AT the weekend the Sunday Times published leaked documents which it said laid bare the gaps in government contingency planning for a no-deal Brexit. The documents predicted shortages of fuel, food and medicine, a three-month meltdown at ports, a hard border with Ireland and violent unrest.
The Operation Yellowhammer documents are said by the government to be out of date and in any case were worst-case scenarios. One section, on ports, was comprehensively rubbished by Ambrose Evans-Pritchard in the Telegraph  yesterday under the headline ‘Yellowhammer port chaos is not even Project Fear: it is slapstick.’ He quoted the Calais port chief’s verdict on the document: ‘C’est la bullsh*t.’

However as an object lesson in how to whip up fear and opposition to a no-deal Brexit, the Sunday Times effort takes some beating.
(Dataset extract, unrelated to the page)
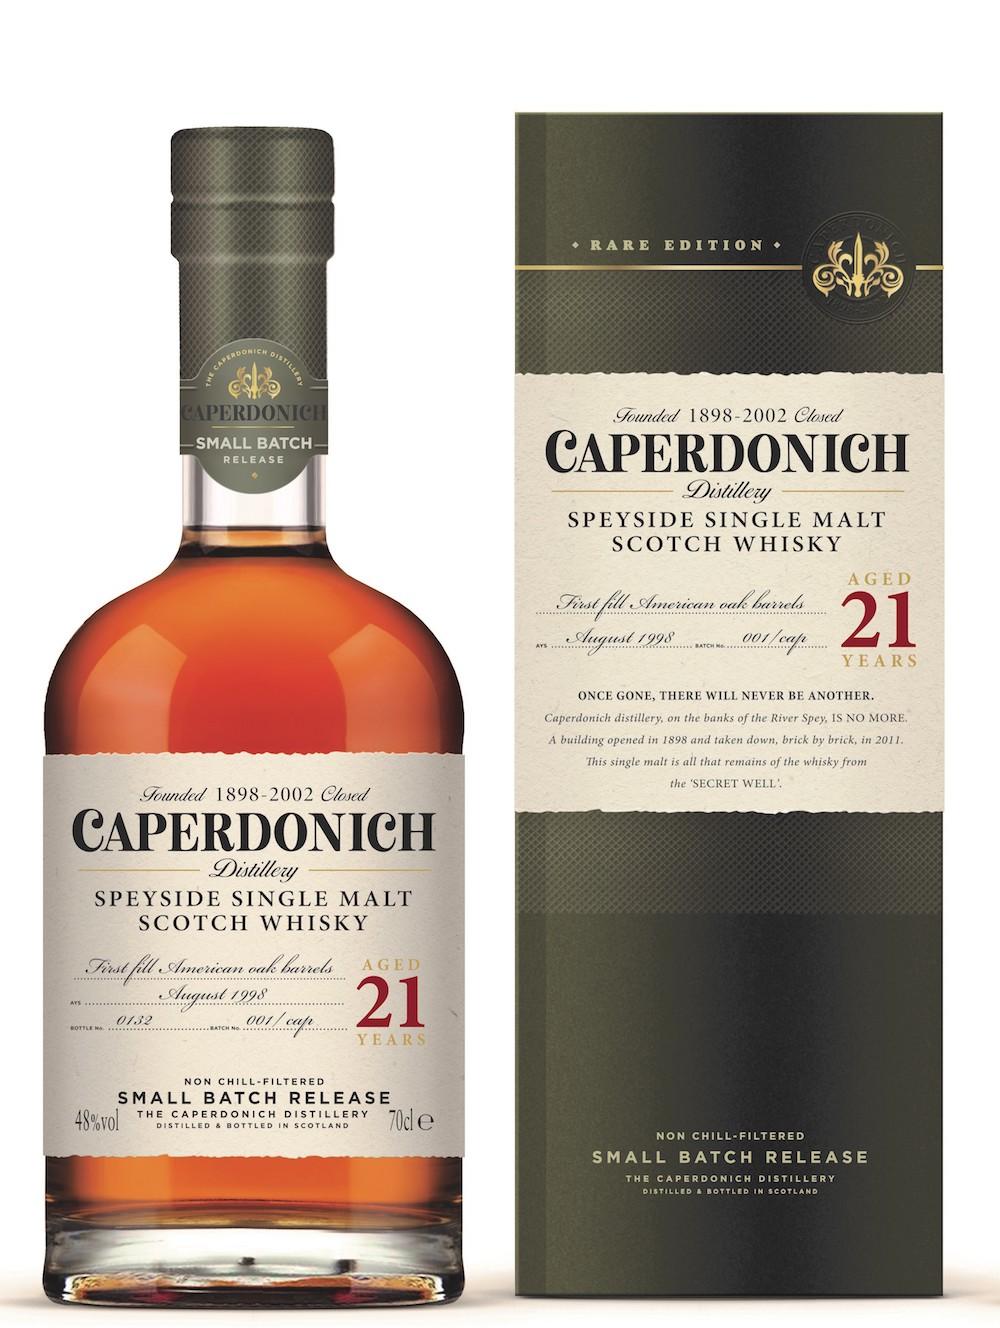 Caperdonich 21 year old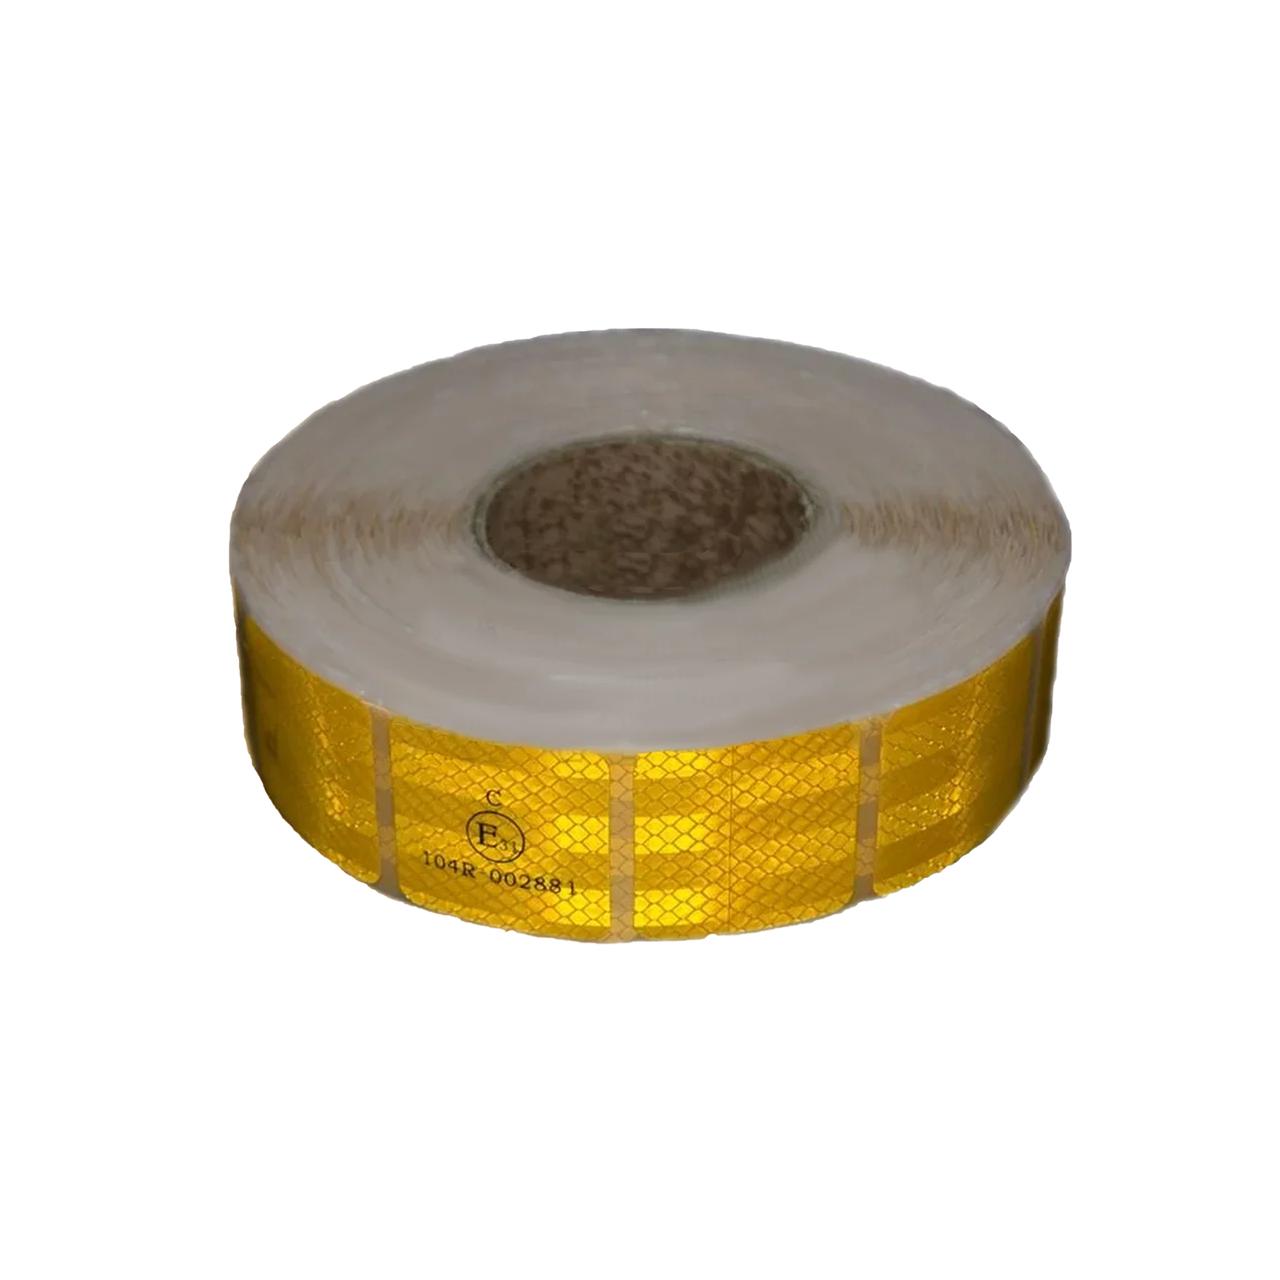 Світловідбиваюча стрічка для маркування кузова Квадратами Жовта 50м Е31

For those who did not see it, here is a recap on its main headlines with summaries of the stories.

Troops and curfews among options to halt protests after no-deal Brexit 
Britain should be braced for a spate of violent protests and counter-protests this autumn if the UK crashes out of the EU, according to the government’s preparations.

Up to 85% of lorries travelling to France will not be ready for new customs rules
Chaos at the border could last for up to three months after a no-deal before it eases slightly, but the flow of lorries may still be half of its current level by January.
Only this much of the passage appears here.